2.1 La base de notre ancrage théorique : l’agriculture comparée et le concept de système agraire

2.1.2 Application du concept de système agraire à une petite région et utilisation du système de production agricole comme sous-objet

2.1.2.1 Utilisation du concept de système de production comme sous-objet du système agraire

Le concept de système de production a été créé dans le but de mieux comprendre les raisons des pratiques et des choix des agriculteurs avec un objectif d’amélioration de l’accompagnement technique agricole. Reboul (1976) le définit comme «un mode de combinaison entre terre, forces et moyens de travail à des fins de production végétale et / ou animale, commun à un ensemble d’exploitations. Un système de production est caractérisé par la nature des productions, de la force de travail (qualification), des moyens de travail mis en œuvre et par leur proportions ». La compréhension d’un système de production agricole commence par la compréhension des sous-systèmes qui le constituent et des « relations de complémentarité et concurrence » qui existent entre eux dans l’affectation des terres, des capitaux et de la force de travail (Dufumier 1996).

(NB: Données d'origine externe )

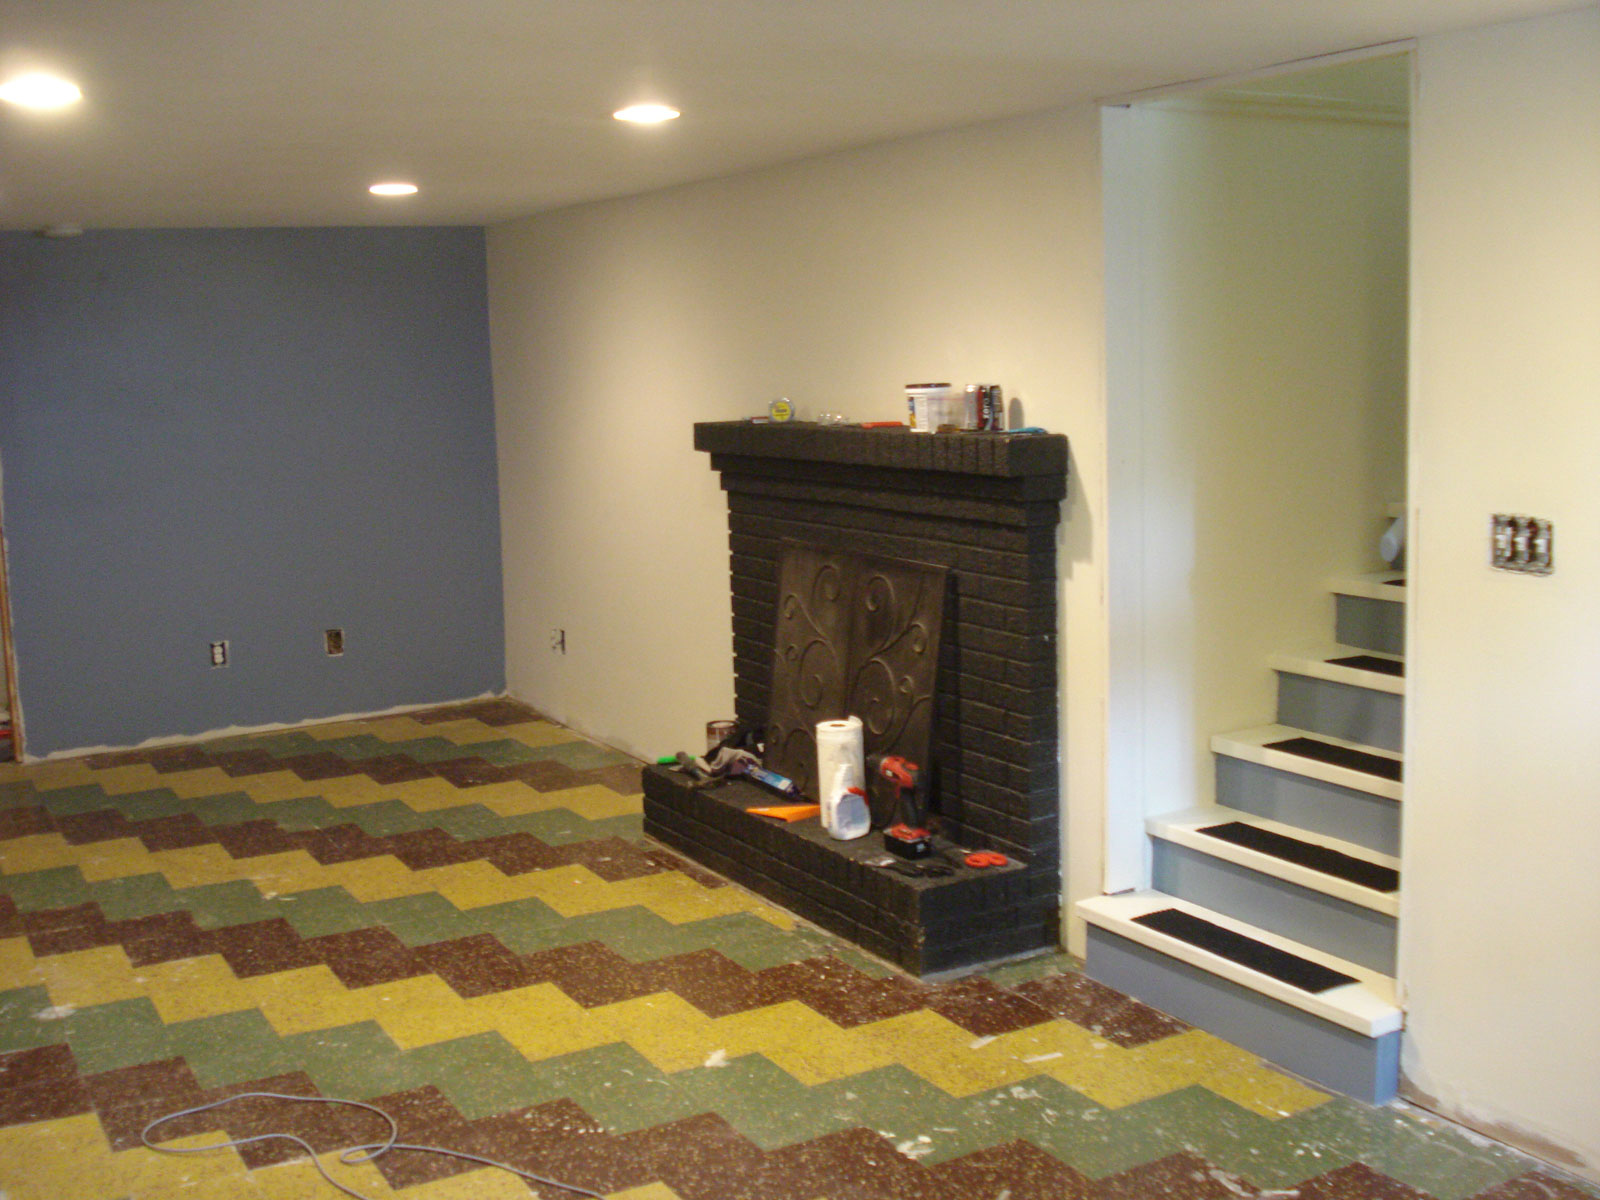 Basement Floor Ideas Painting Basement Floor Split Colors Ideas Combined With Best Pool House Designs Idea And Small Fireplace Design Idea Decoration  Painting Basement Floor For The Least Expensive Solution

Le système de culture s’applique selon Sébillotte (1977) « à la parcelle ou groupe de parcelles traitées de manière homogène, c’est-à-dire caractérisées par une succession de cultures et des associations éventuelles de cultures, et par l’ensemble des techniques qui leur sont appliquées suivant un ordonnancement précis – l’itinéraire technique » (Sébillotte 1977, cité par Cochet 2011a, p.579). Il est aussi caractérisé par les produits vendu, auto ou intra-consommés et leurs rendements (Sébillotte 1982 in Garambois 2011). Pour Devienne et Wybrecht (2002) «les pratiques agricoles sont le fruit d’une adaptation des techniques aux contraintes du milieu, aux moyens mobilisables par les agriculteurs et à la souplesse variable du calendrier cultural au long de l’année » (Devienne et Wybrecht 2002, cités par Garambois 2011). Pour en comprendre le fonctionnement, il faut donc bien chercher à identifier les « fondements agronomiques des successions culturales pratiquées » (résidus de matière organique, état structural des sols, prolifération des adventices…), dont le but est de « favoriser la croissance et le développement des plantes cultivées » (Dufumier 1996, p.82).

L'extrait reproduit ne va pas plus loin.